Every line of the listing below should be written out exactly, minus its images.
[[ Information shown open ]]
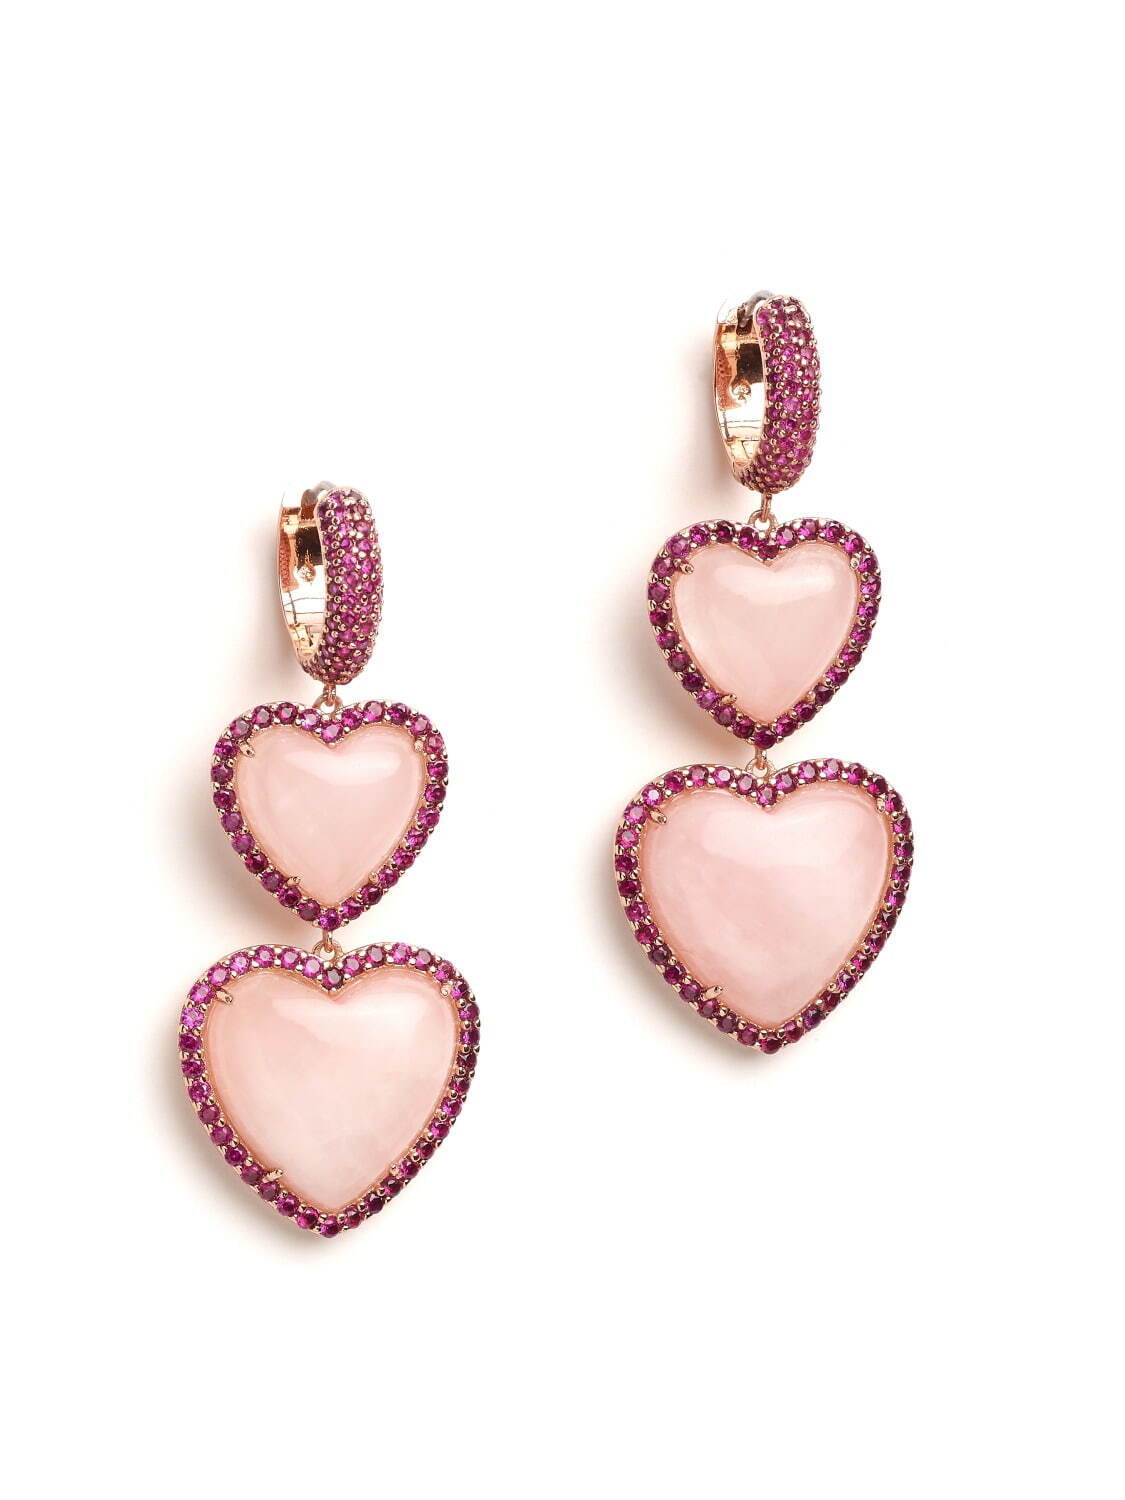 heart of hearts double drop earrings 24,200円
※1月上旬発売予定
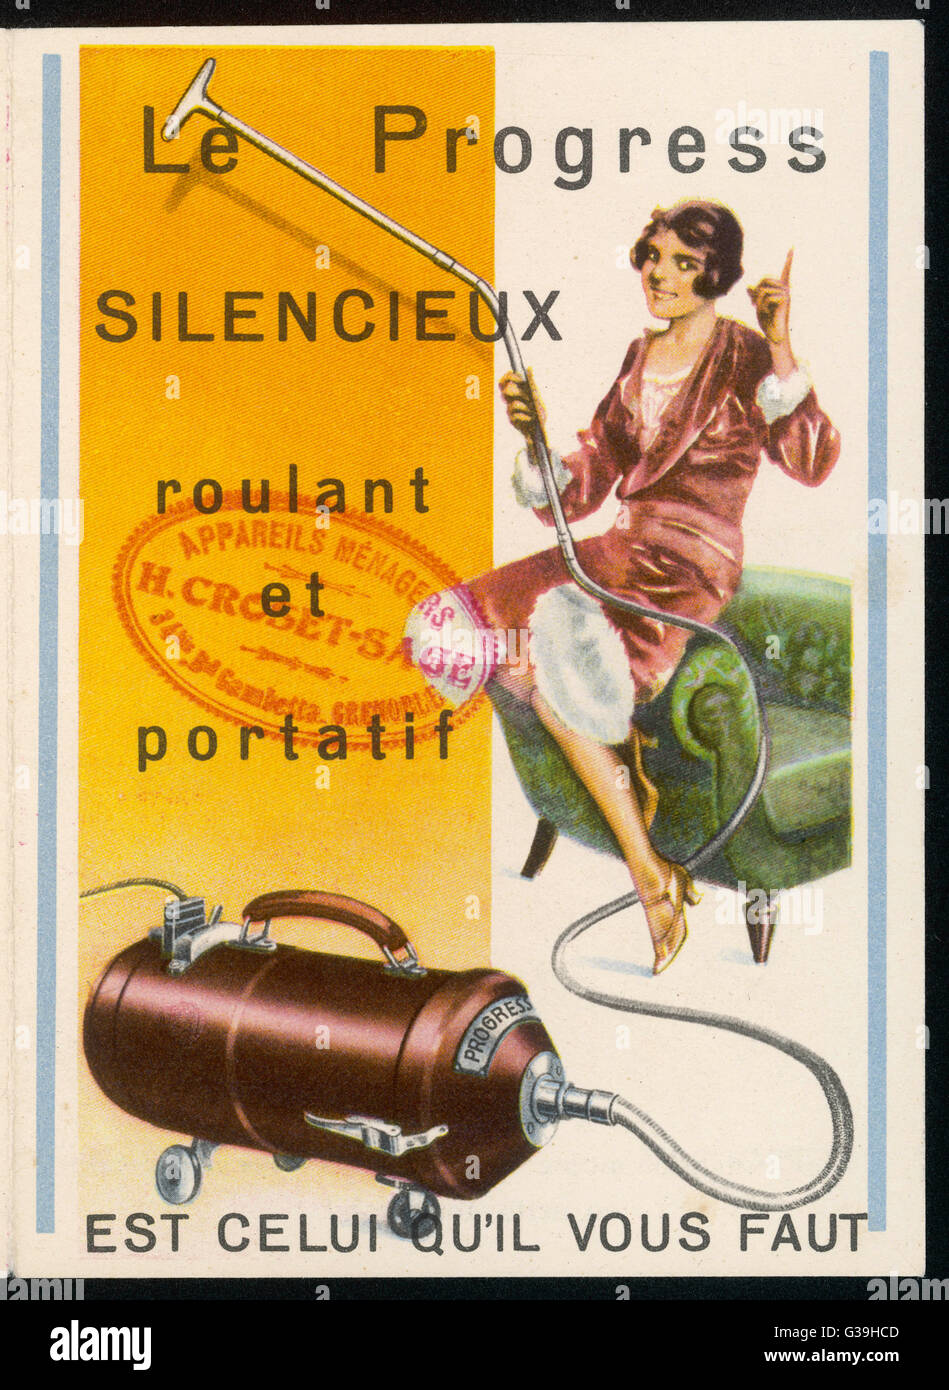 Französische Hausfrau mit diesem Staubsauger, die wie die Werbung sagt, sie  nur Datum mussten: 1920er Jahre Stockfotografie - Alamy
[[ Information shown closed ]]
(Answer):
 heart of hearts double drop earrings 24,200円
※1月上旬発売予定
 Französische Hausfrau mit diesem Staubsauger, die wie die Werbung sagt, sie  nur Datum mussten: 1920er Jahre Stockfotografie - Alamy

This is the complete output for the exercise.